杨舟轻默默从行囊里拿出几个冷透了的包子,“刘妈备的干粮,你就将就着吃吧。”

张嘉闻看了他一眼,取了一旁的枯枝树叶,草草搭了个架子,从口袋里取了洋火点燃,将包子架在上面烤,“从前去过新疆,他们那的烤包子和这种不一样,虽然粗糙,但确实是人间美味。日后待你再大些,就去四处游历、四海为家,尝尽美食、赏尽美景、阅尽美人。”

“文绉绉地说了一通,说得容易,但那是你们这些公子哥过的日子,我啊,但凡能饱饭,不要被东家卖来卖去的,我也就心满意足了。”

他擦洗干净后,整张小脸粉雕玉琢,虽食量大如牛,又力拔山兮气盖世,可看起来并不十分魁梧粗壮,加上一双秀目灵动有神,看着实在不像包身工,反而像是哪家的小少爷。

知道他饭量,张嘉闻只吃了一个包子,将剩下的三个尽数烤好给了他,自己默然看着篝火发呆。

天色已经全然暗了下来,除去犬吠蝉鸣,几乎听不见其他声响。

“走,我们先去会会崔金芝的丈夫。”

崔金芝也称黄崔氏,他的丈夫叫做黄多余,是个看着老实憨傻,甚至有几分无用的男人。一见他们,他便又是倒茶水、又是上蜜饯,热情地让杨舟轻都不好意思。

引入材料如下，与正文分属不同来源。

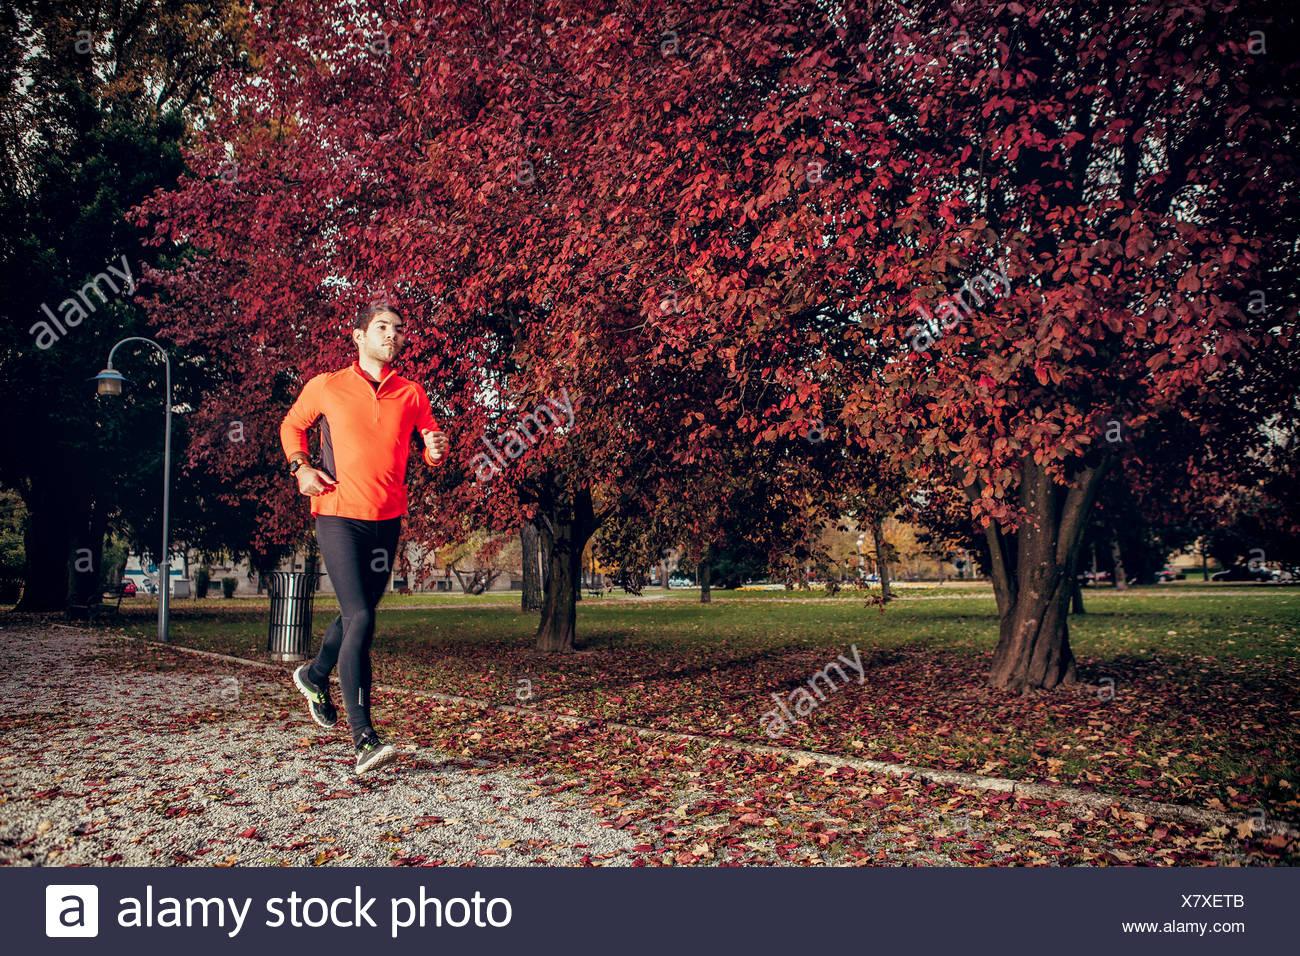 Male runner jogging in autumn park - Stock Image
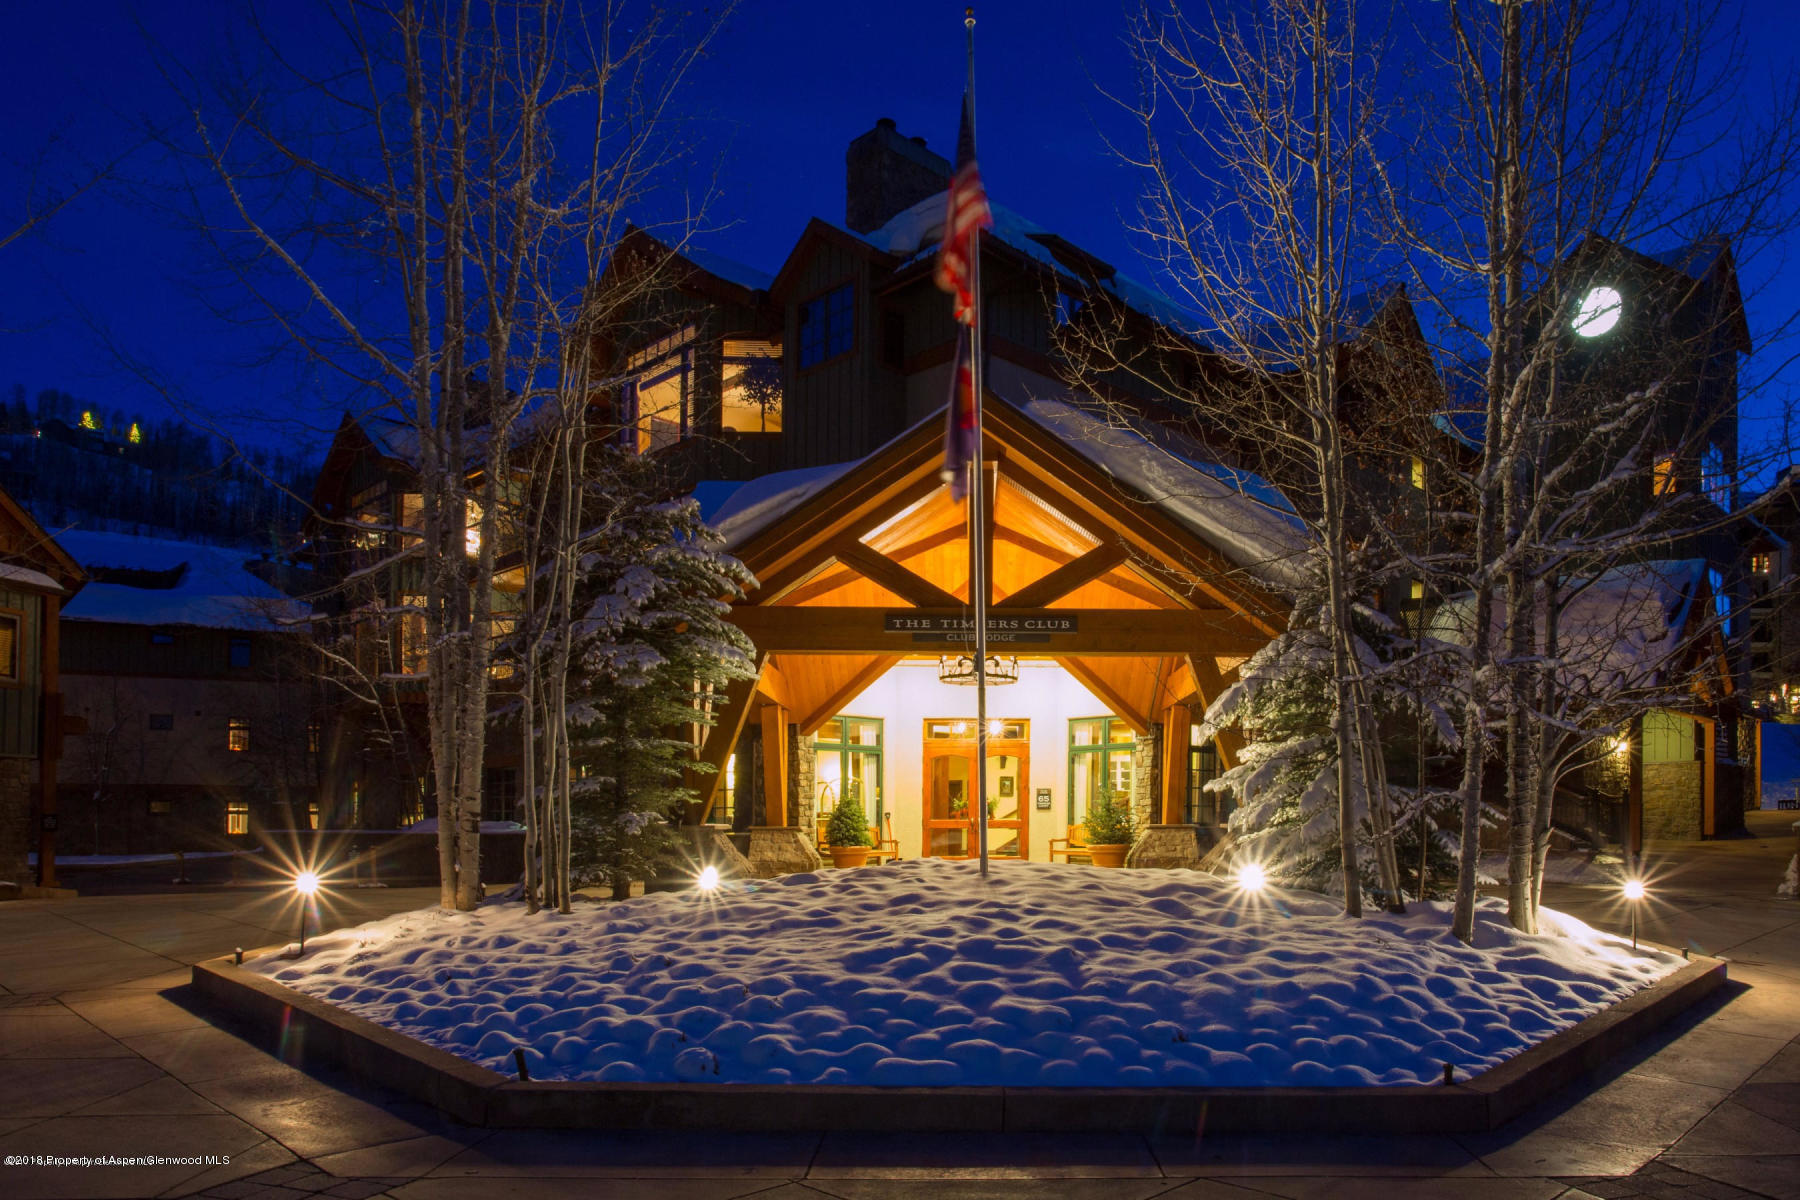 115 Timbers Club Court - Snowmass Village, Colorado

“多谢黄兄,多事之秋,我们还来叨扰你。”杨舟轻游刃有余地与他攀谈,张嘉闻则细细端详黄多余的气色。

“先前还听二狗说来了两个道长,能帮我媳妇看看病。唉,求求二位多帮忙,先前儿媳妇刚刚生产,家里事情哪一件都不能少了她,我是个粗人,家里也没多少余财,但若是你们能把我媳妇治好,多少大洋我都愿意出!”